Where Do We Go From Here?
To those who held positions of influence during the last several years: the politicians, the immigration advocates, public health officials, and humanitarian professionals here’s what rebuilding trust requires: humility, honesty, and a genuine willingness to reckon with the ways your institutions contributed to this backlash.
Admitting your contribution to creating this environment doesn’t excuse the unwise nature of the current administration’s response. It doesn’t justify the heavy-handed cuts or cruel implementation. But your reckoning is still necessary. Not to absolve the current administration, but to help win back the trust of those still movable in the middle.

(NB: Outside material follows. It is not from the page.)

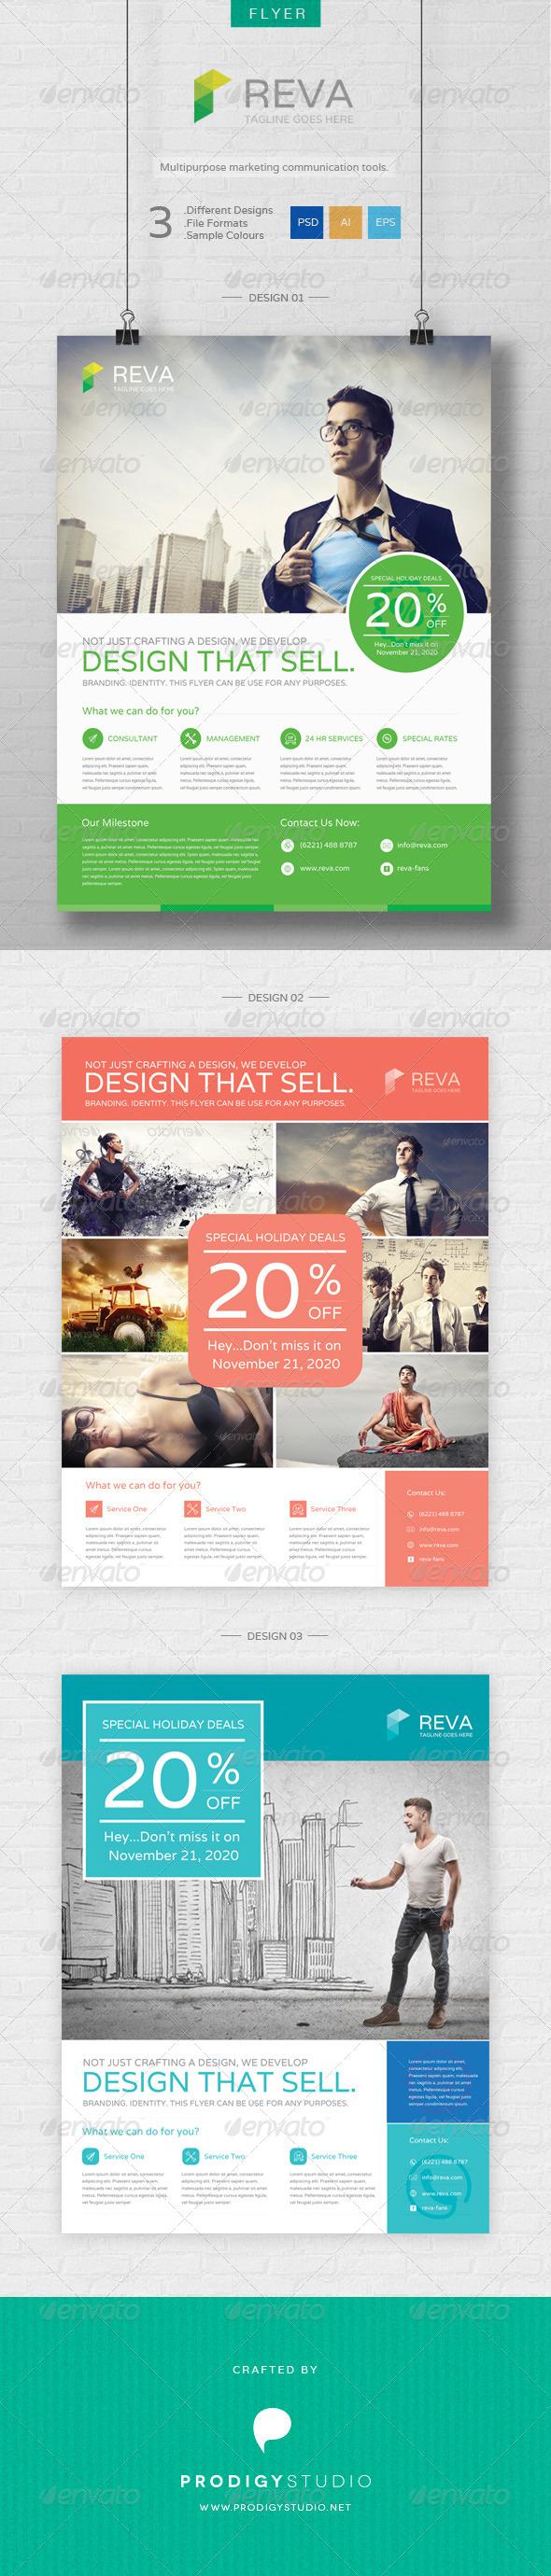 GraphicRiver Reva Flyer Template 6763140

Your honesty now (even in the face of an overcorrection you rightly oppose) is what begins to rebuild the credibility America needs you to have. It will also slow the pendulum’s momentum toward another devastating blow.

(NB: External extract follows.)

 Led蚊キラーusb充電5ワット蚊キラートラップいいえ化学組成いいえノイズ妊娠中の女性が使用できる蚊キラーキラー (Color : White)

And Finally, A Word to Conservatives
You now wield the sword of government. You have the power, the mandate, and the righteous anger.
What are you tempted to excuse?
We would be wrong to dismiss the bishops message out of hand. Not because enforcement of our borders is wrong (it isn’t), but because when you do it in a way that celebrates the suffering of others and dehumanizes people made in God’s image, you hand your opponents the moral high ground and fuel a pendulum that will destroy what you’ve built.
Remember they, like you, can play the game. Every instance of deportation celebrated on the White House Instagram. The corruption of the Epstein flip flops (and bizarre defense of his actions), the hypocrisy of the abortion pill reversal. They will weaponize these moments to sow division, stir outrage, accumulate power, and enforce new policies that make the old ones look reasonable.
You can’t afford to squander your credibility by excusing genuine wrongs just because they advance your policy goals. Be more concerned with truth than tribal loyalty and the D.C. scoreboard. Police your own side precisely because you care about preserving your influence and your ability do good for your neighbor.
Let’s stop before we create the conditions for the next overcorrection.